> **Your assignment**: Write out each line of the listing as it stands, without the images.

> **Given information**:

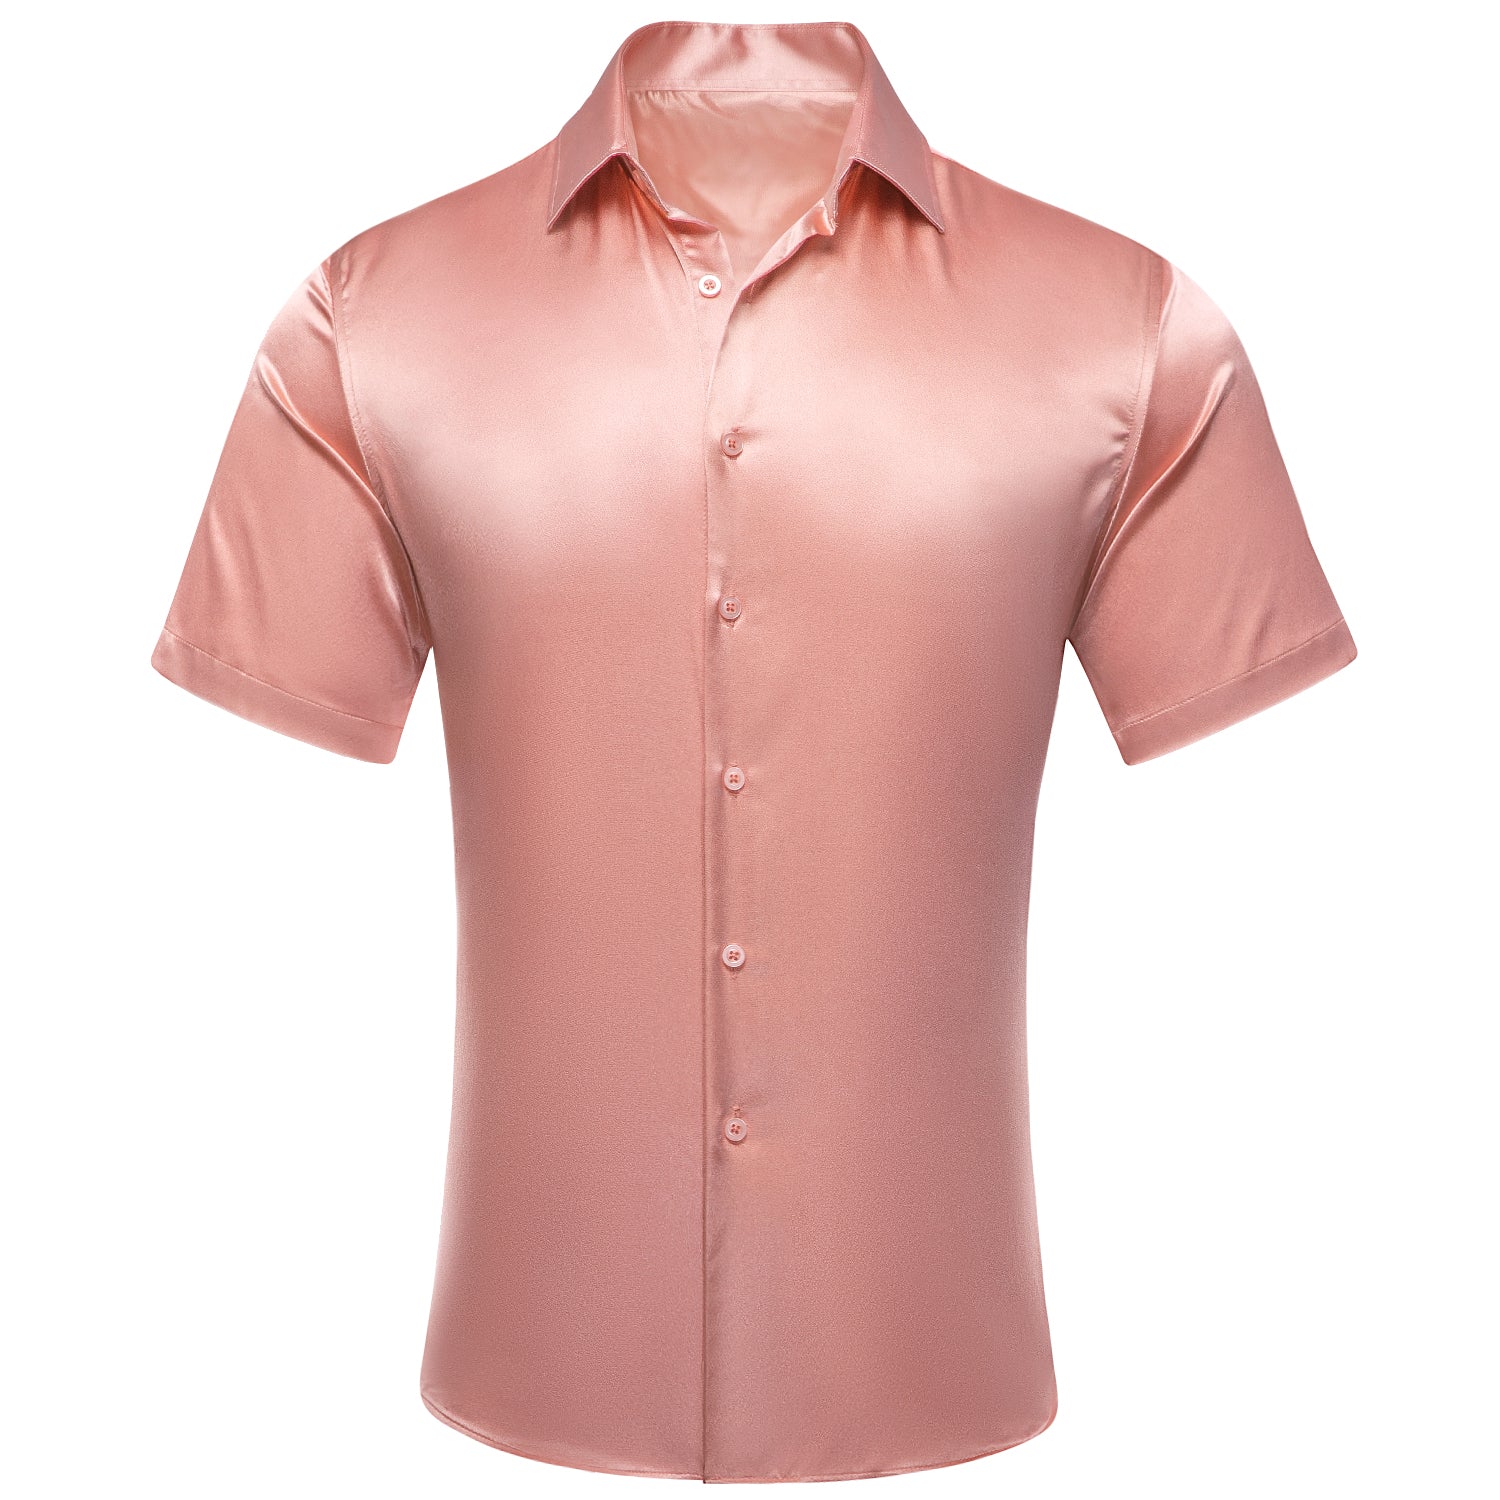 New Pink Solid Satin Men's Short Sleeve Shirt
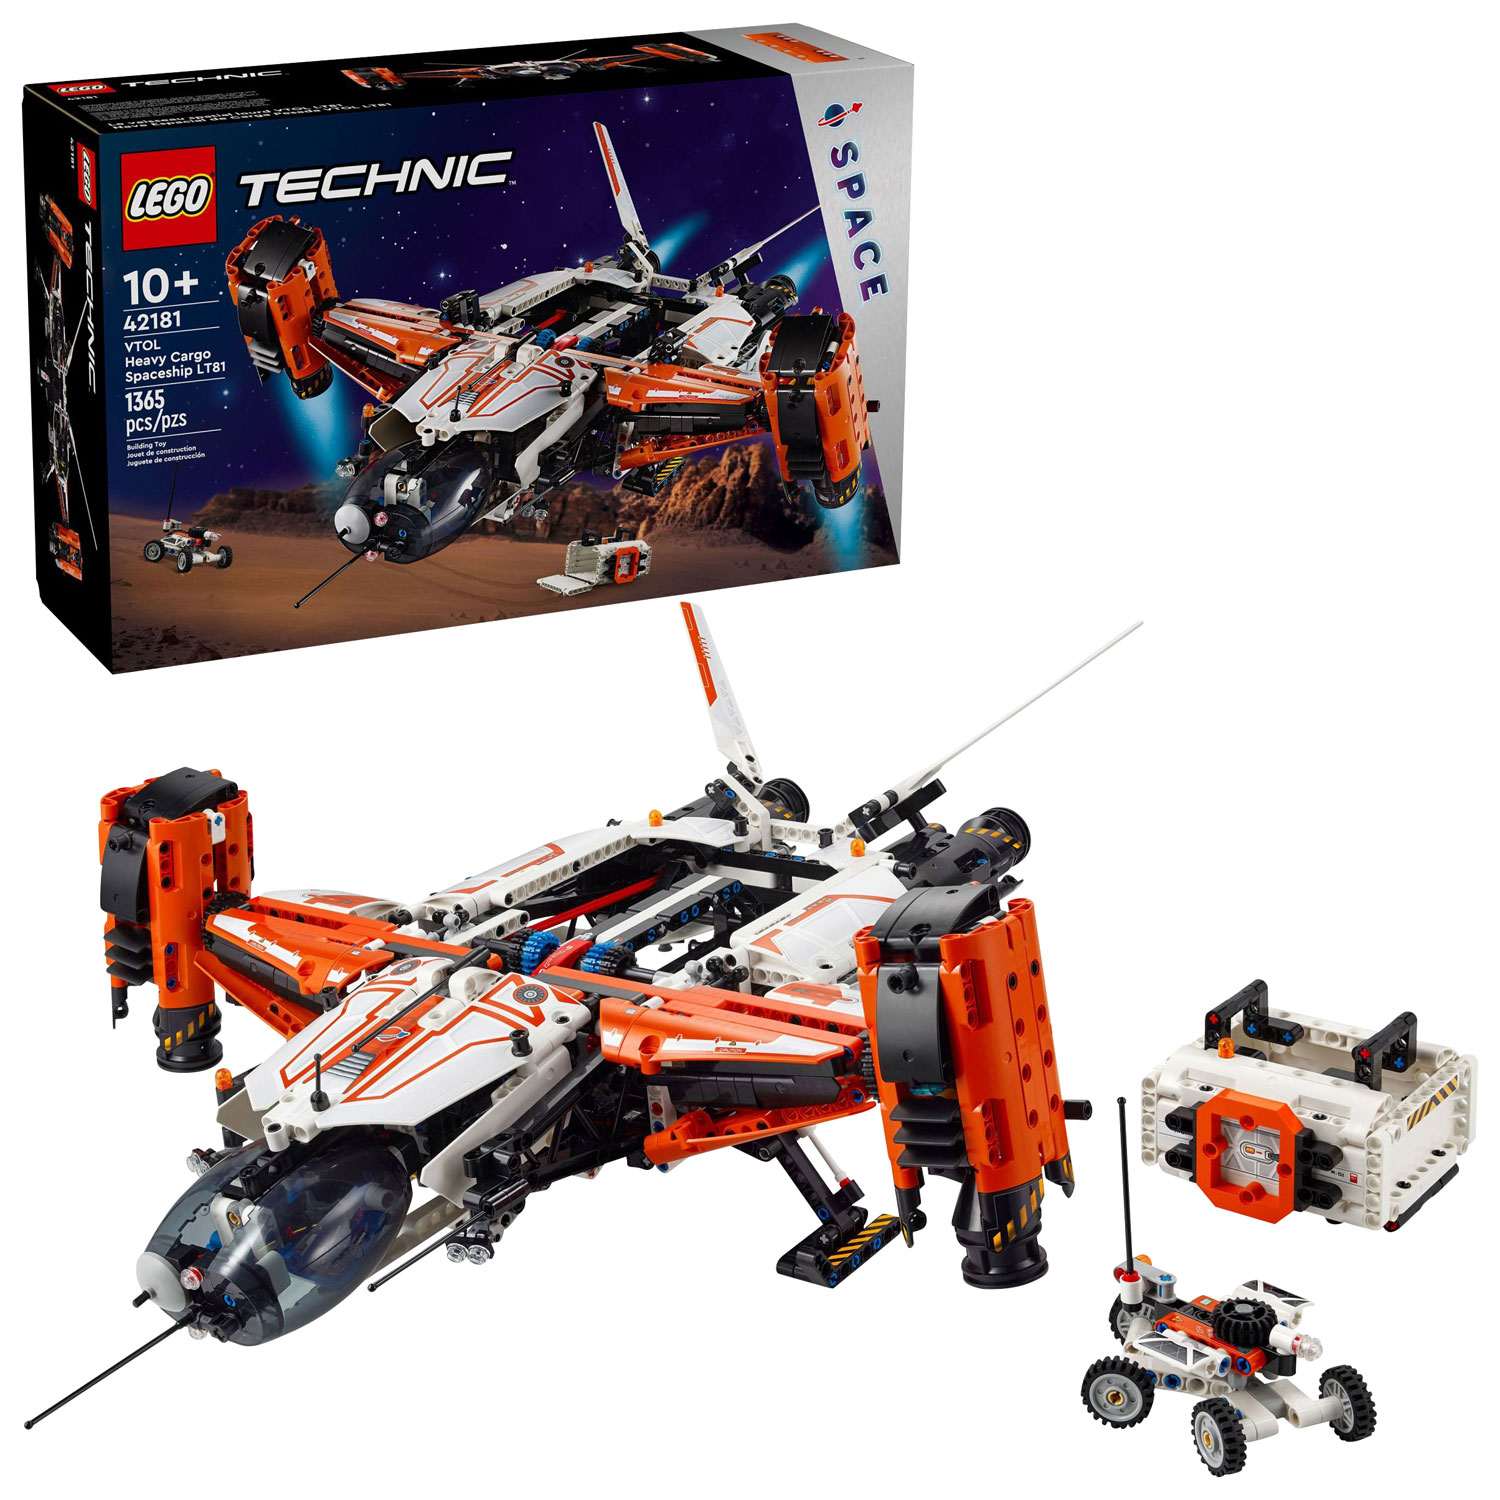 LEGO Technic: VTOL Heavy Cargo Spaceship LT81 - 1365 Pieces (42181)
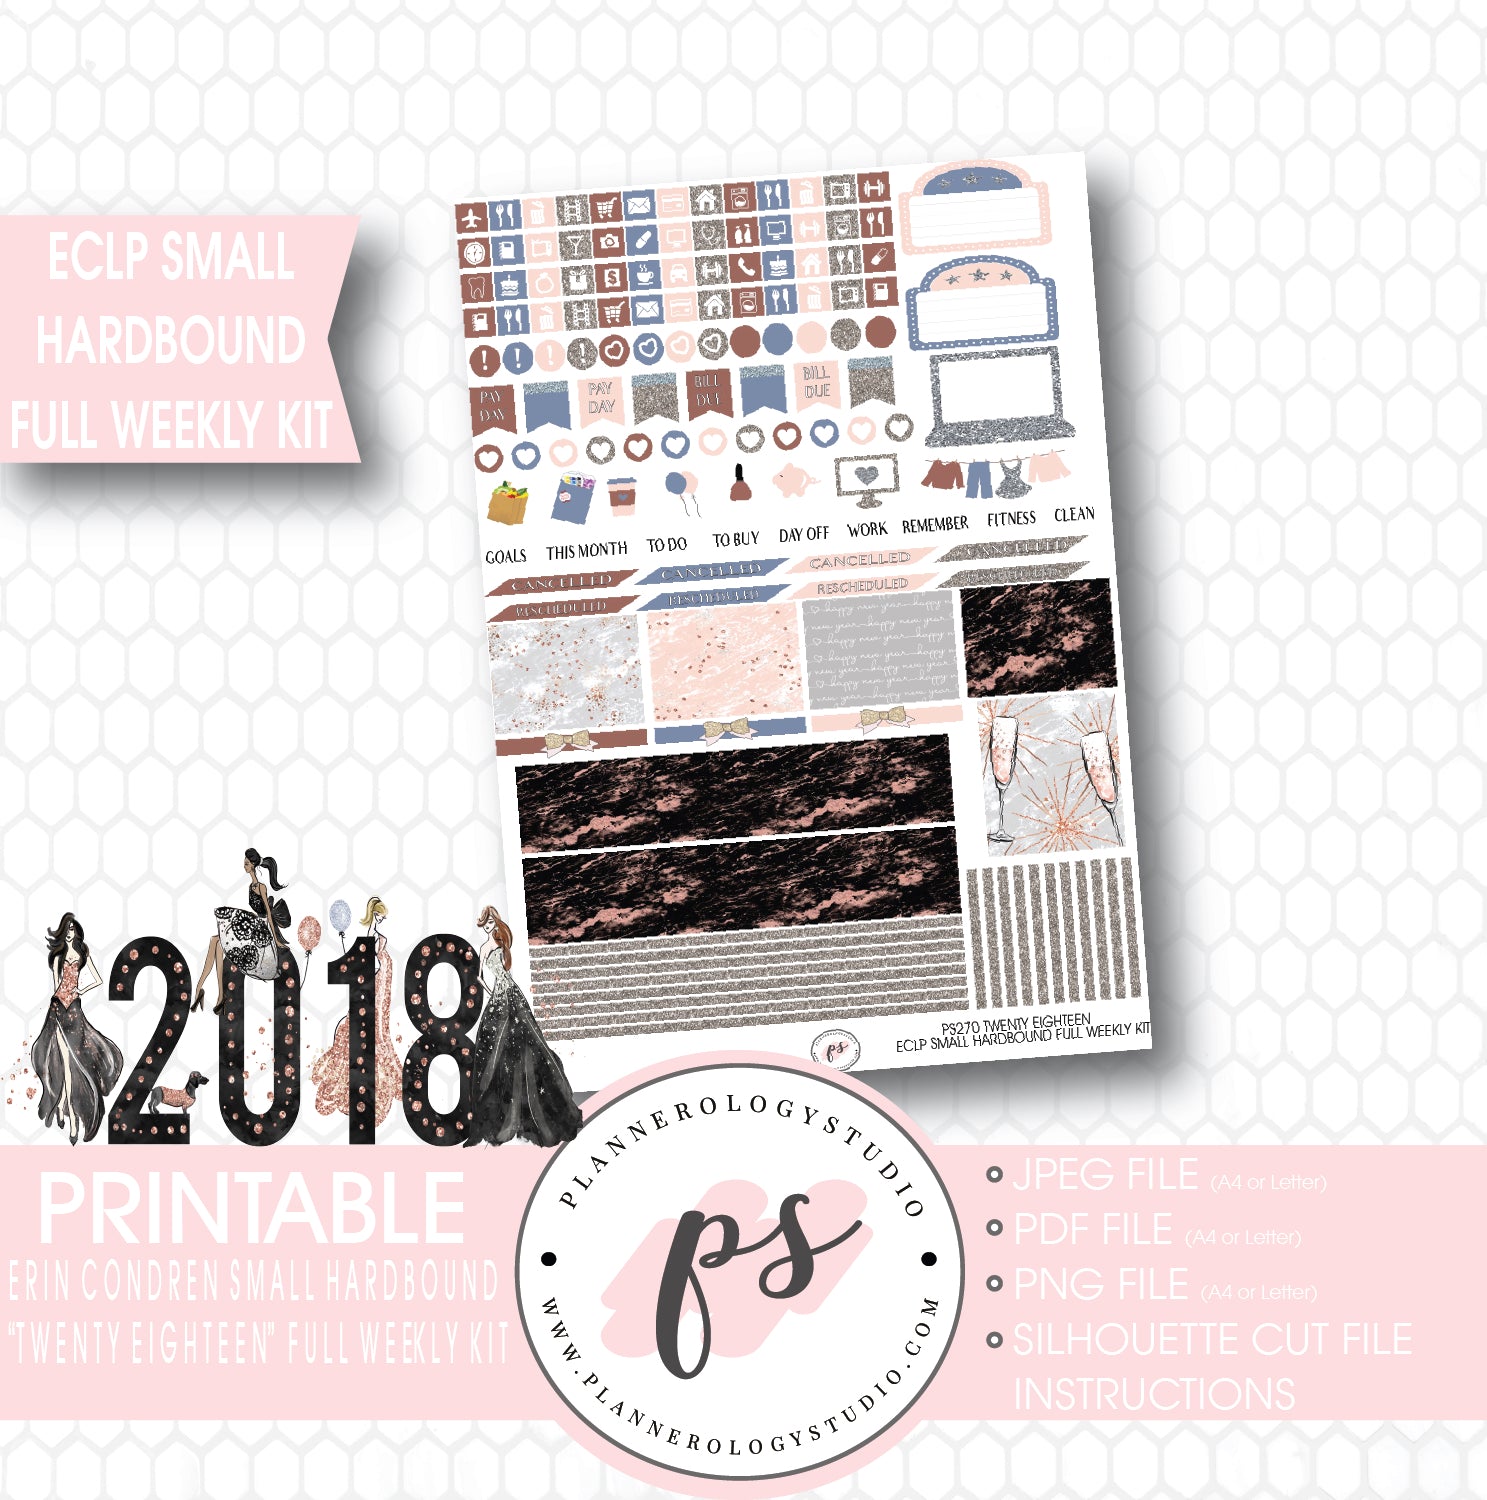 Twenty Eighteen 2018 New Year's Full Weekly Kit Printable Planner Stickers (for use with Erin Condren Small Hardbound Planner) - Plannerologystudio

> **Answer section**:
 New Pink Solid Satin Men's Short Sleeve Shirt
 LEGO Technic: VTOL Heavy Cargo Spaceship LT81 - 1365 Pieces (42181)
 Twenty Eighteen 2018 New Year's Full Weekly Kit Printable Planner Stickers (for use with Erin Condren Small Hardbound Planner) - Plannerologystudio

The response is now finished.